In summary, our results have shown that bacteria are common inhabitants of floral nectar of South African plants, and their communities are characterized by low species richness and moderate phylogenetic diversity. Moreover, we have identified osmotolerance, catalase activity and the ability to grow under microaerobiosis as traits that might help bacteria to overcome important factors limiting their survival and/or growth in nectar. Future work should clarify the role of bacteria within the plant–yeast–pollinator system and might help to fill a conspicuous gap in our knowledge of ecological interactions involving macro- and microorganisms at the intersection of several kingdoms.

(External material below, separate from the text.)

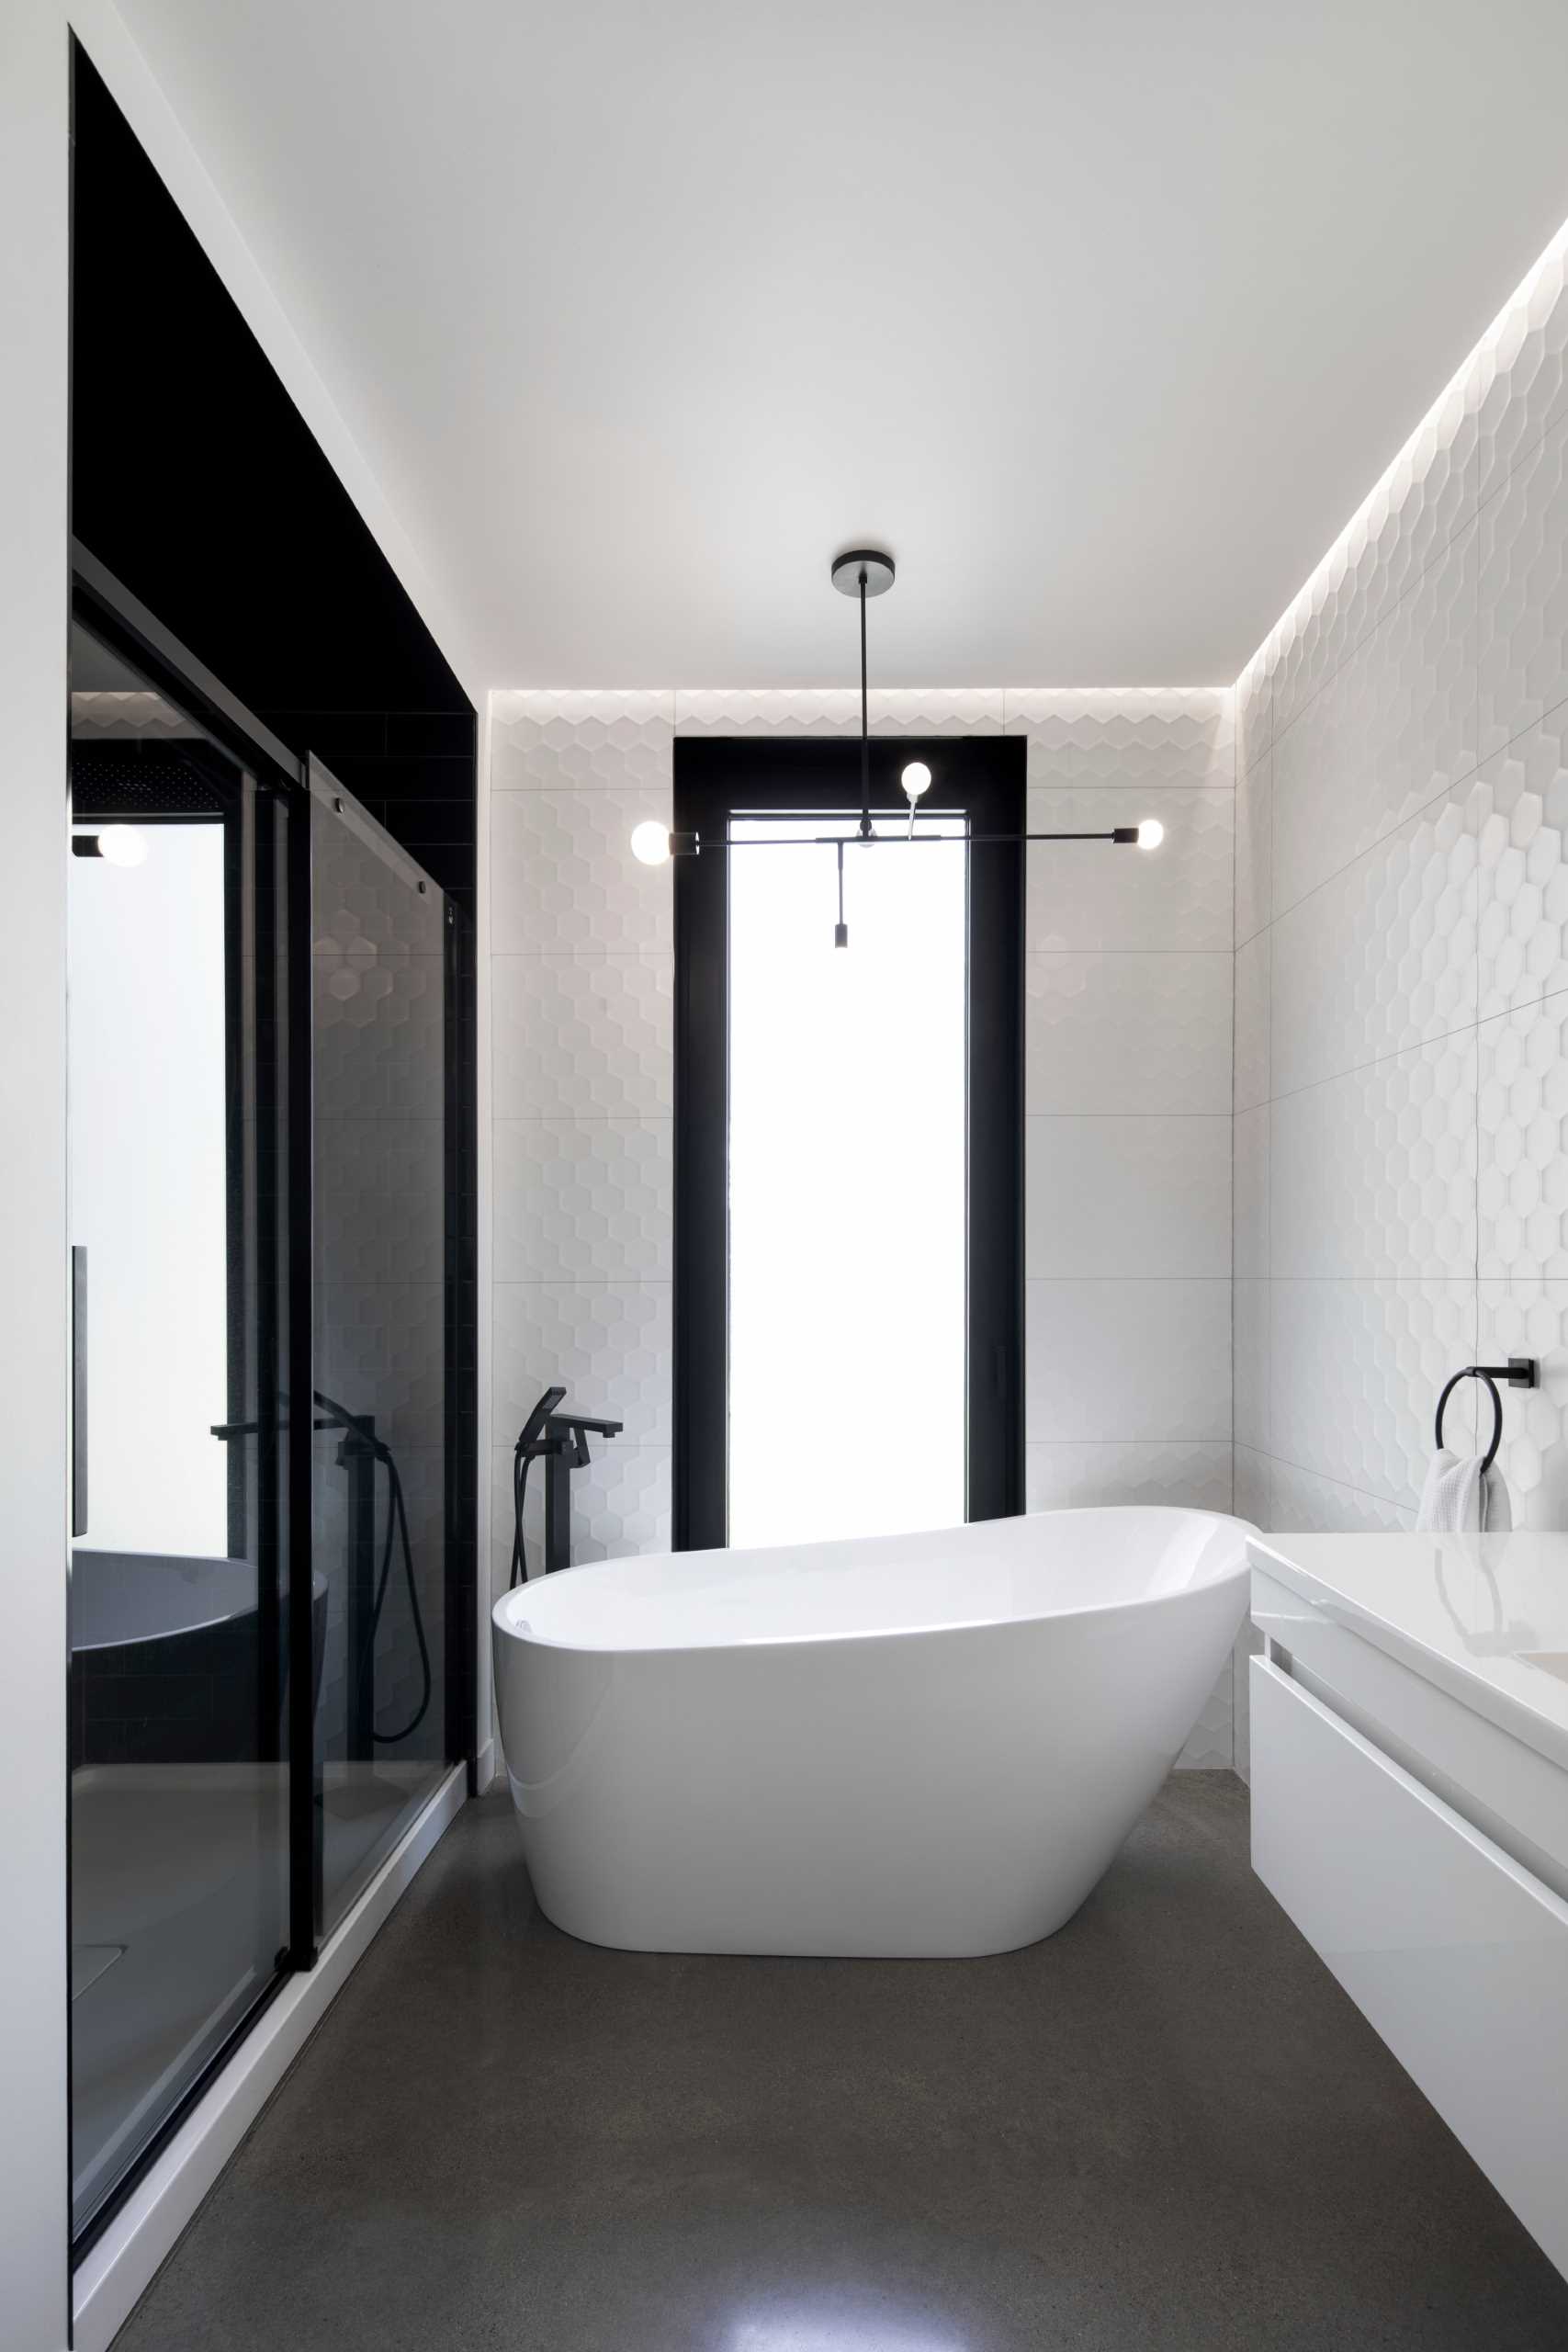 دیوارهای کاشی کاری شده از کف تا سقف یک ،صر بافتی به این حمام مدرن اضافه می کند که شامل یک وان حمام مستقل و دوش می شود.

We thank Prof. S. D. Johnson for logistical support and hospitality and R. G. Albaladejo, H. Burger, V. Ferrero, J. Rodger, P. Rymer, A. Shuttleworth and S. Steenhuisen for field assistance. This work was supported by funds from the Consejería de Innovación, Ciencia y Empresa, Junta de Andalucía (Proyecto de Excelencia P09-RNM-4517 to C.M.H.), and Ministerio de Ciencia e Innovación (Juan de la Cierva Programme to C.dV.). Beatriz Guzmán is gratefully acknowledged for her assistance with phylogenetic analyses.

Note added in proof

During the pre-print processing of the present work, the authors became aware of the publication of an article addressing the study of nectar bacterial communities in three species of cultivated plants (Fridman et al., 2012. Bacterial communities in floral nectar. Environmental Microbiology Reports, 4(1):97-104.)